“Stella Jones, in my office, now.”
Megan’s voice is chipped, similar to her nailpolish. Across our small divider, Madison half shrugs at me. She’s efficient like that. In fact, she probably expected this.
I rise as smoothly as I can in my new platforms. Earlier, I saw Miss Uptight at the front desk eyeing them off, so I’m trying to look all professional, like I know how to walk in shoes that set me ten feet above everyone else.
As I tap across the length of the room, I brush down my cream pencil skirt, nervously maybe. Discreetly, I do up the second-to-top button on my black blouse. I don’t particularly want my boss seeing more than she needs to.
I’ve walked past twelve people now and they’ve all given me looks, some sympathetic, others plain malicious. It’s not my fault I wear better clothes than them.
Megan’s office is glass, so I see her fuming before I enter. Her first words are spoken in a very bad drawl. “Oh look, the walking Eiffel Tower.”
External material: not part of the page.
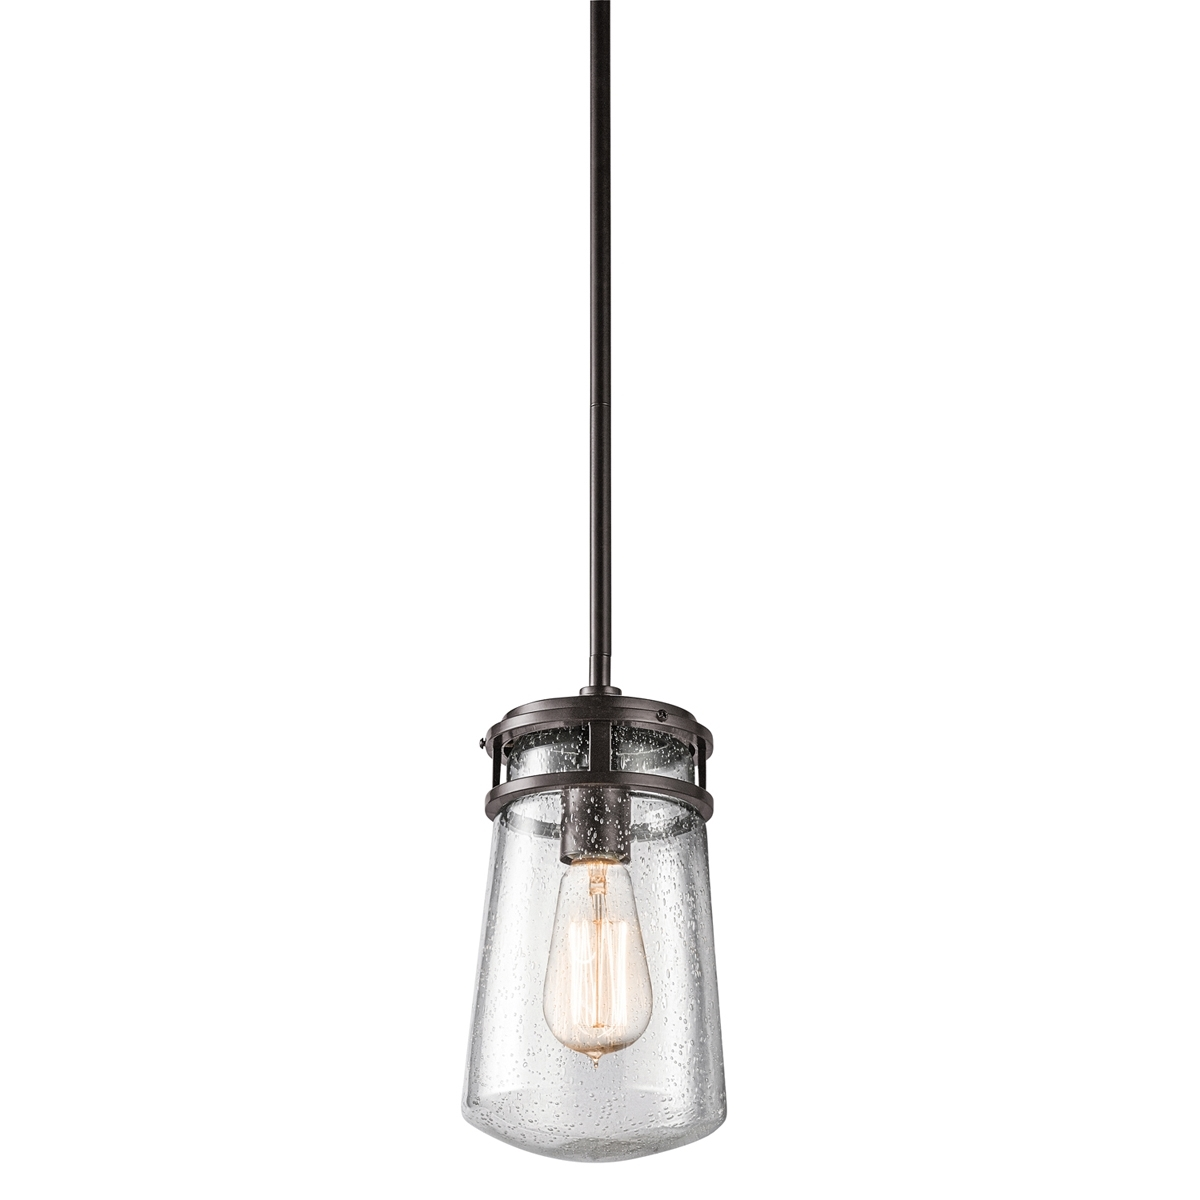 Nautical, Outdoor Hanging Lights, Outdoor Lights – Lamps Expo With Famous Outdoor Hanging Light Fixtures In Black (View 10 of 20)

I nod. No need to be nice to this one. Sitting upright across from Megan, I gesture to her desk, where the reason for the whole dilemma sits innocently. Megan swipes a finger over the glossy cover of Single or Not and frowns. I study the cover as its owner is helplessly picked up and flicked through. The magazine is aimed at teenaged girls. It’s supposed to be bubbly, edgy and cheerful. Unfortunately, it looks like Amie, the visual design girl, has had her usual so called ‘touch’ influenced by her recent breakup. The largest caption reads, “How To Make Him Sorry!” and she’s used a truly awful blue colour scheme. I don’t know what was trying to achieve there.
I frown significantly as Megan glares at another tween pop star who happens to be gracing the cover of our February issue. The poor covergirl’s probably had a breakup in the past year and has been squeezed for information on how she made the unfortunate bloke pay. I’d guess that over fifty percent of the interview comes from Hedi – interview girl – ‘s head. The interviews have been truly rubbish since Rachel Saxon left last spring. She got a job offer for Marie Claire and like any of us would at the golden opportunity, she abandoned ship and ran as fast as her Gucci-clad feet would carry her.
I can roll my eyes right now, because none of the feature problems are even remotely my fault. Finally, after what I suppose Megan thinks is a ‘tantalizing, guilt enforcing’ silence, devil-woman speaks.
“Stella, do you remember Karina, age fourteen?”
I blink mildly. Of course I don’t remember her. I rarely even read the names of the wimps I write back to.
Megan purses her lips and flips the magazine forward a few pages, reciting carefully, “Dear Stella, I just bought the cutest blue hoodie from Supré, only to have my ex-best friend of two weeks buy the same one, except pink! We both wore it at school on the same day and now everyone thinks we’re friends! What do I do!”
She slams the innocent magazine onto the glass desktop and I take the opportunity, sliding it meaningfully towards me, swishing it around to face me. I read the reply in a false voice, dripping with sarcasm, holding my signature archness above it.
“Oh Karina, what a disaster. I’m joking. You’re fourteen, yes?”
I pause for a breath, mortified. This wasn’t supposed to hit pages.
“Well, at fourteen, everything is the end of the world. She probably eats the same nutella sandwiches as you. How’s that for newsbreaking?”
I pause again. I totally forgot about this. It was a joke, a result of a bad mood. I meant to delete it and rewrite it later.
“…Well, thing is; you’ll probably be back friends again with your ex-bffl in like, a week. It works that way at your age. And you know what they say: it’s not about what everyone else thinks, rather about how you feel about yourself.
Oh and never mind about the hoodies. They were from Supré, you say? Well they were probably ugly anyway.”
I try my best to feign nonchalance. I must’ve gotten lazy and just chucked this one on the email with the other bulk and intern Marley must not have reviewed. Airhead.